Ракитин воротился домой под странным впечатлением. Давно уж этого с ним не было. Он видел второй раз эту девочку. Ничего умного, выдающегося она не сказала, а между тем в ней было что-то такое, что заставляло о ней думать и думать постоянно. Чем-то милым, давно отжитым пахнуло. Молодые, горячие грёзы растут и крепнут. Глаза застилаются словно дымкой, на лоб надвигаются складки, и дышится как-то чаще, порывистее, чем всегда. Комната окрасилась радужным цветом, и блеск его так и остался. Волшебный фонарь, неведомо какой и откуда, наводил свои узорные тени всюду, куда ни упадал его взгляд. И так хорошо-хорошо стало…

Он страдал полным сознанием одиночества, тем сознанием, которое охватывает человека, привыкшего с детства к семейной жизни и осуждённого на одинокую старость. Точно он брошен, забыт всеми. Где, куда девались те люди, что составляли когда-то жизнь его, радости, горе? Их словно ветер развеял. Нет их, — и так пусто, так пусто вокруг. Он рвался куда-то, к какому-то свету, к какому-то выходу. Когда он в первый раз увидел Эрде, ему показалось что-то похожее на проблеск вдали. Он отлично сознавал, что ничего особенного в ней нет: она не особенно хороша, вероятно не умна и уж конечно лишена всякого образования. И всё-таки, несмотря на эту логику, его манило, влекло к ней…

Он поехал на её второй дебют. В душном театре было очень гадко; после летнего прозрачного вечернего света невыносимо скверно чадила керосиновая рампа. Оставалось удивляться, как могла сойтись эта разномастная толпа в этот барак, чтобы дышать воздухом, пропитанным углекислотой и копотью, вместо того чтобы гулять в душистом парке. Взвизгивание скрипок и красная колыхавшаяся занавесь могли быть милы разве одним завсегдатаям оперетки, которые, вытянув непомерные воротнички, стояли у барьера первого яруса, громко разговаривая и посматривая в ложи подмалёванных барынь, выставивших себя на выставку.

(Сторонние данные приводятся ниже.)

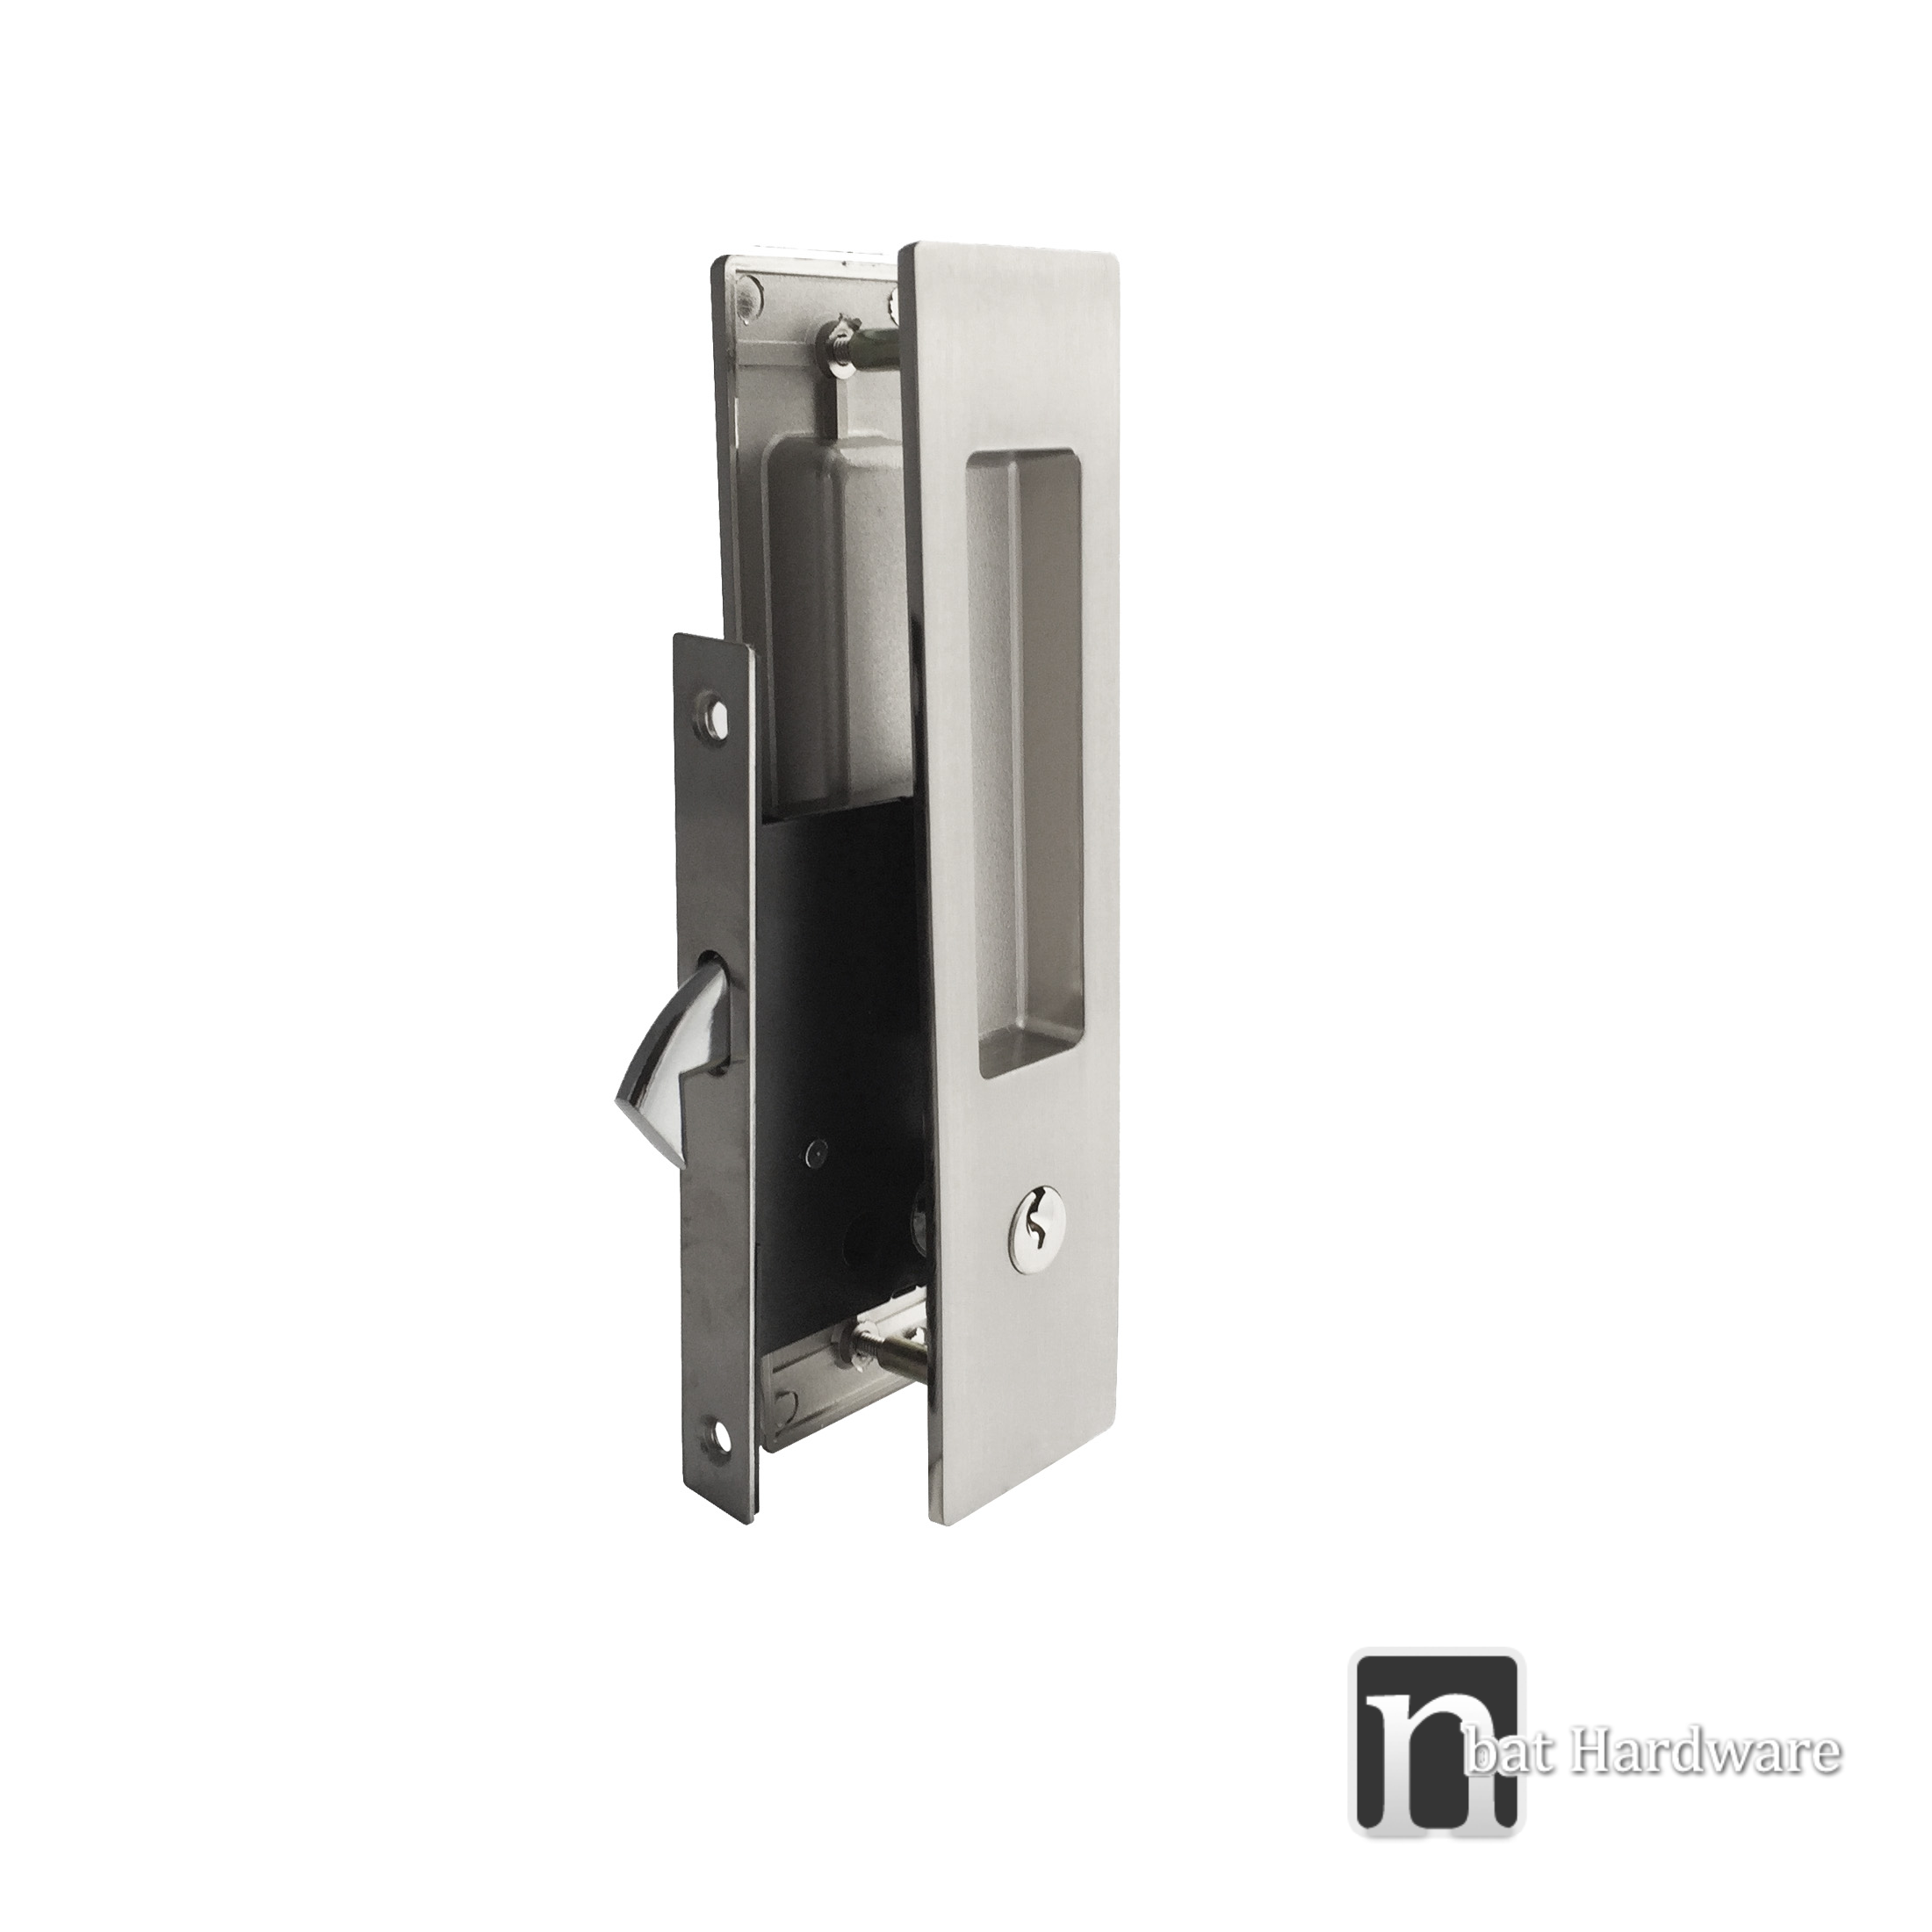 Morgan Series Sliding Door Key Lock Set Nbat Hardware

Публика входила довольно лениво, словно делала кому одолжение своим присутствием. Кривоногий капельдинер нахально отрывал уголки билетов. «Ну, я приехал потому, что она мне нравится, — думал Ракитин, — а этот весь сброд здесь зачем?»

Он терпеливо поворачивал голову направо и налево. Маленький, седенький старичок, редактор большой политической газеты, прошёл во второй ряд и тотчас заговорил с полковником, который, мило осклабившись, наклонился к нему с высоты гренадерского роста. Известная драматическая ingénue[4] поместилась в ложе с каким-то солидным господином, обладателем непомерных усов. Мохнатый капельмейстер вертелся на стуле и поглядывал на публику. Впечатление давалось не то клуба, не то балагана, не то какого-то провинциального захолустья. Во всяком случае, всем было очень скучно, все чего-то ждали, что их может развеселить, только уж отнюдь не той оперетки, которую собрались слушать.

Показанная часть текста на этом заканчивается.